People may have the option to choose between naming a person as insured or listing as a driver, especially when they are spouses. Each choice may have different implications in terms of managing the policies and legally.
Families may not pay close attention to who is a joint policyholder or named insured and who is a listed driver on auto insurance and arrange them as a matter of convenience. However, these terms are different from each other in many ways, including legally and practically. Choosing one over to the other may come with advantages or disadvantages.

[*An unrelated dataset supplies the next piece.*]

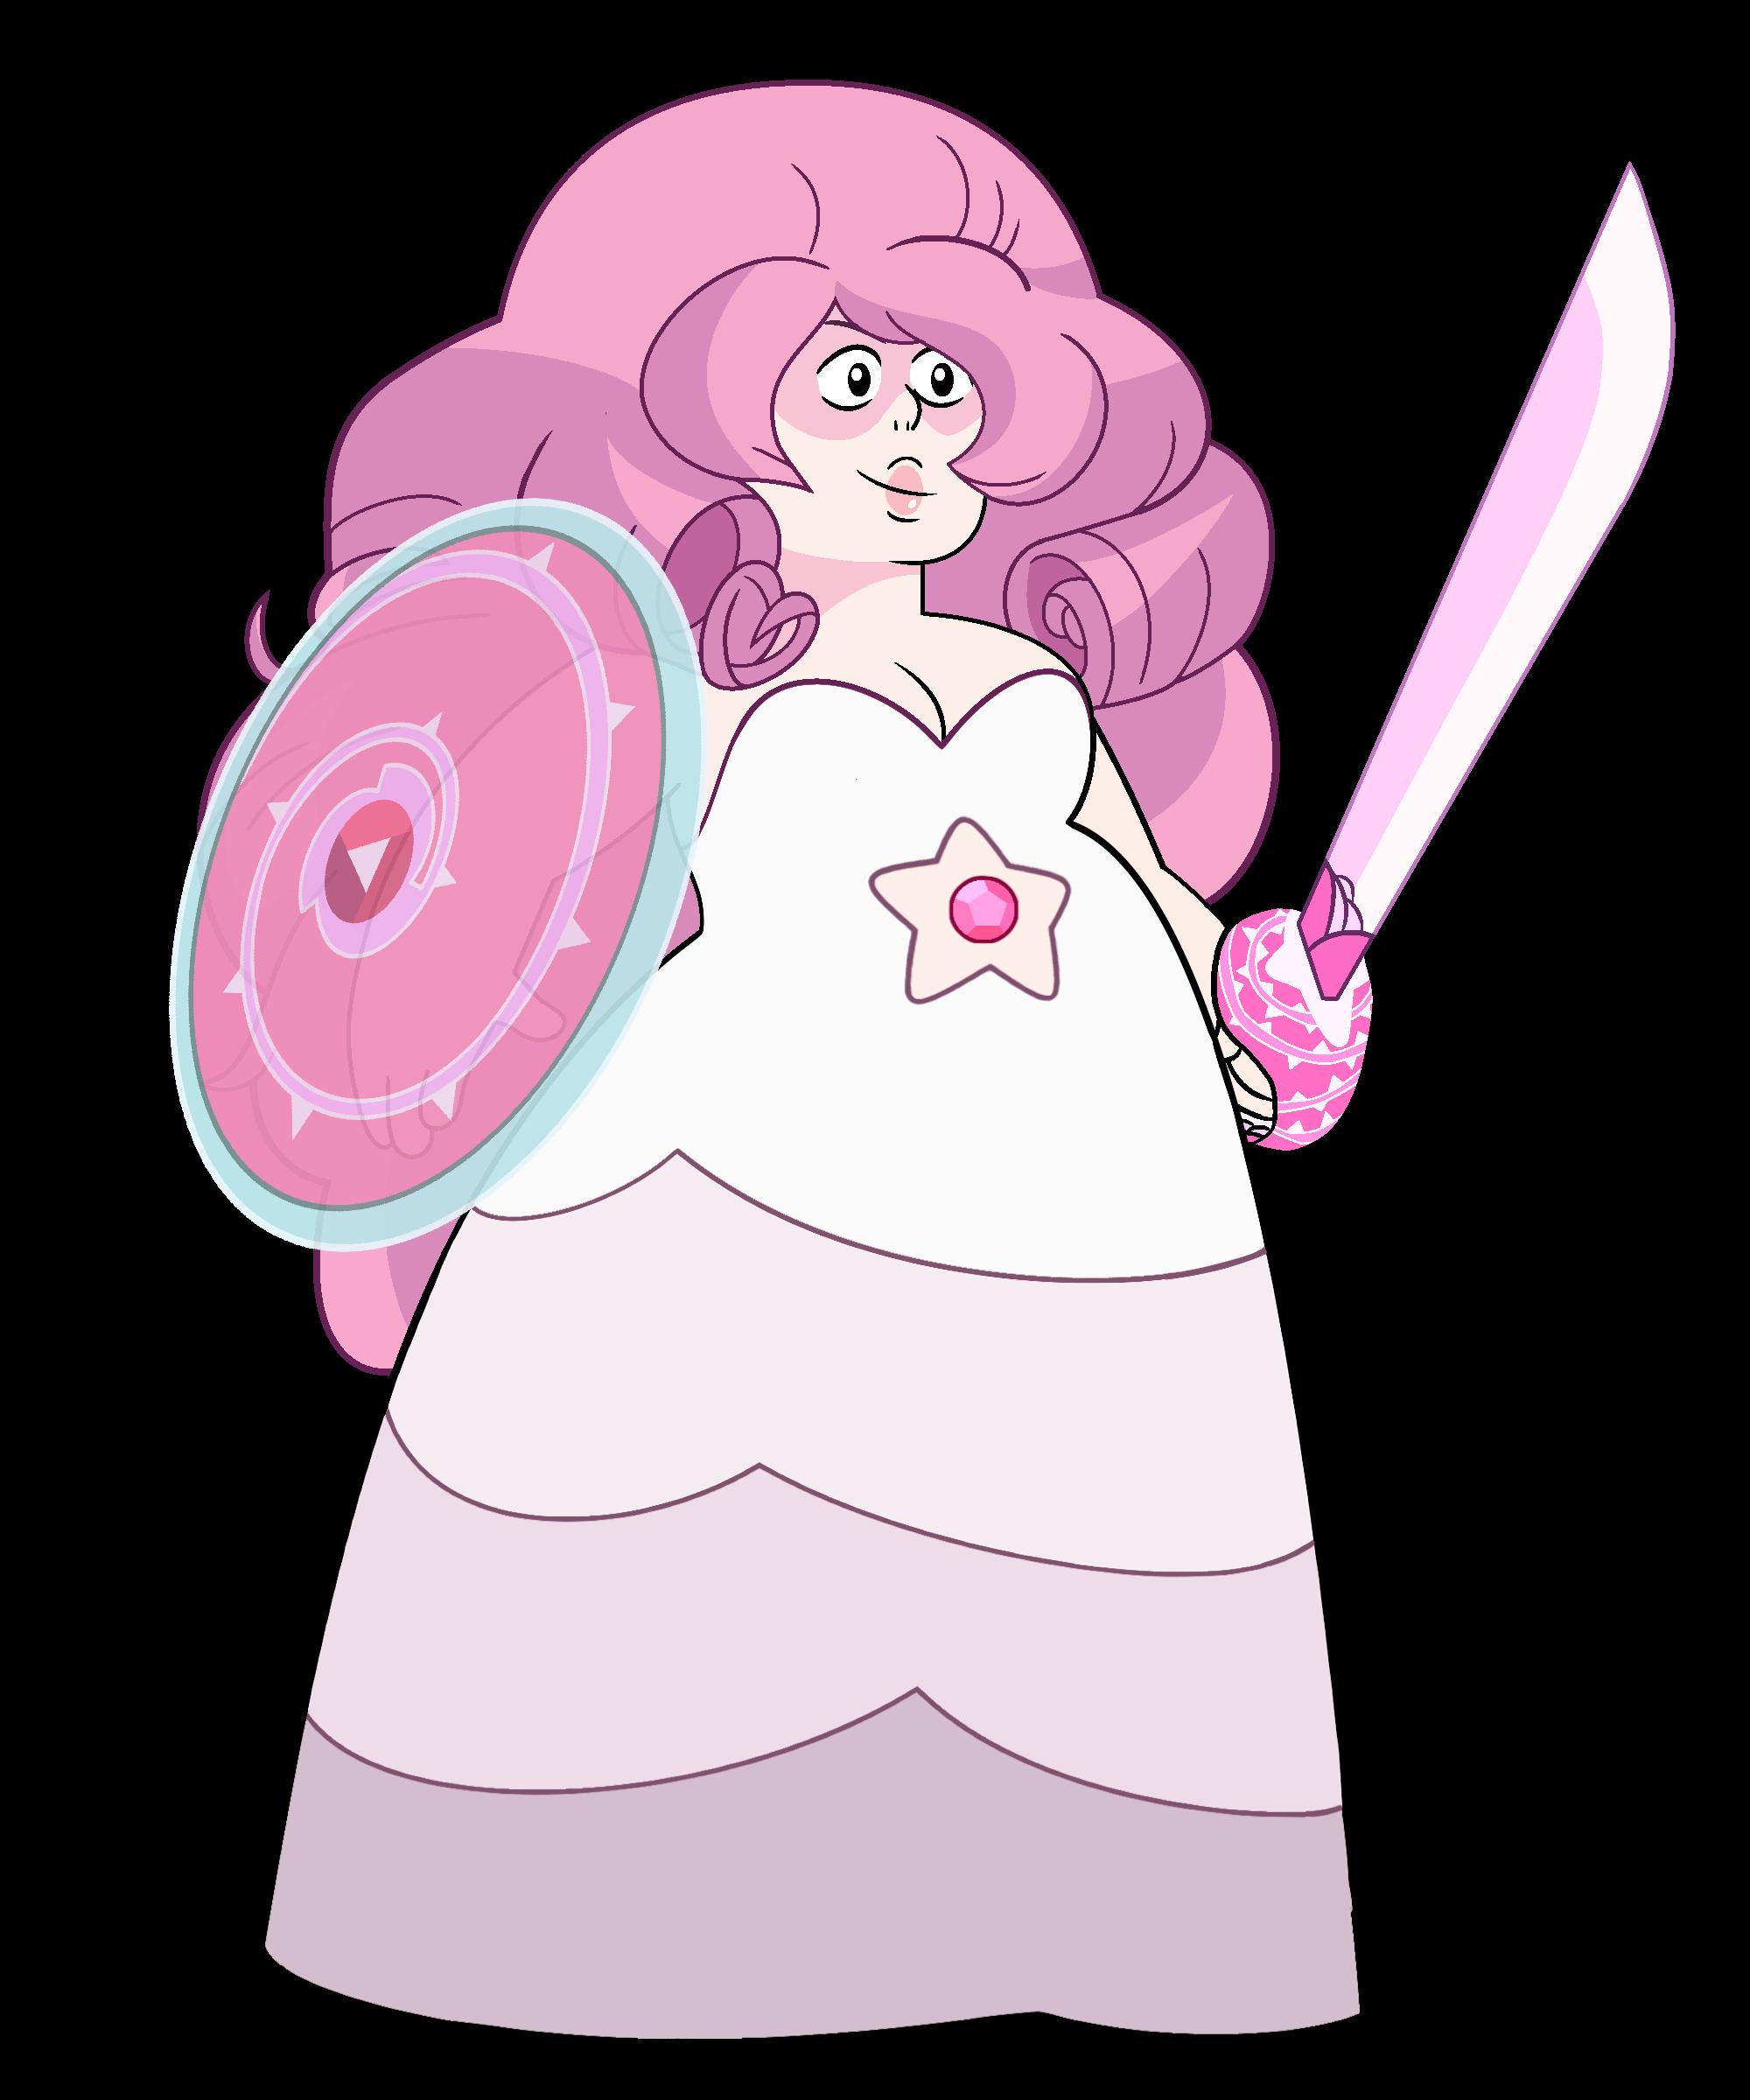 9290de14b Rose Quartz | Steven Universe Wiki | FANDOM powered by Wikia

Named Insured vs. Listed Driver
Named insureds benefit 100% from auto insurance coverage. They can hire a car and drive someone else’s auto and still be covered by their policies too. They are usually the vehicle owners and policyholders, can make changes to policies, add or remove cars, listed drivers, increase deductibles, make claims and even cancel it. They are also responsible for premium payments and cannot be removed from coverage without their prior consents. Vehicle insurers send them any notifications and renewal notices. So, they have full control over the policy with its rights and responsibilities.
On the other hand, listed drivers are the people who are explicitly allowed to use the automobile as they are mentioned by name on the car insurance policy declaration page. Policyholders can take them off whenever they want as long as state laws and carriers allow it. Also, a listed person would not have a say or would not be able to make a claim. Other people may be allowed to use the vehicle even though they aren’t listed either way. A standard policy normally covers everyone in the household and occasional drivers.
Another distinct difference between a named insured and listed driver is that listed drivers are only allowed to drive the car they are insured for and not covered by this policy when they drive someone else’s or hired auto like a named insured would under their policies.
It may sound like it is a great idea to get listed as a named insured with your partner rather than being listed as a driver but it has downsides too. Joint ownership of a policy means that you are equally responsible and can be sued jointly or separately for the losses third parties suffered as a result of an accident caused by the insured auto.
It could totally be someone else who was driving it at the time of the accident. As long as that person was permitted (not stolen the automobile), either or both named insureds would be open to lawsuits. This alone, convinces many partners to make separate arrangements to avoid being responsible for others’ mistakes. Being a listed driver may make sense if you have more assets than your partner. Often people buy separate coverage and get listed in each other’s policies. That may be fine when each party keeps their own automobile.
How it is set up may have legal and practical consequences and you should take time to digest them all and make a choice that suits your circumstances. All these decisions are fairly personal and based on relationships. It is best that partners go through options, discuss their benefits and problems and come to a mutually agreeable conclusion.
Named Driver Insurance
It is a type of policy that only covers the drivers listed and nobody else even if they are living in the same house. They may be cheaper but it may be problematic too, especially if you cannot keep others away from the keys.
Named insured refers to legal ownership and rights over a policy but “named driver insurance” refers to limiting people to only the ones who are clearly mentioned on the declaration page and excluding everybody else from your policy. Named driver insurance limits a standard policy that usually covers drivers who aren’t mentioned in the policy by name, but allowed to use the vehicle by the owner.
By limiting the drivers to only the ones listed on the policy with a “named drivers only” clause, the carriers control exposure and this often results in lower premiums. And often it may be necessary to insure a high-risk automobile at an affordable premium.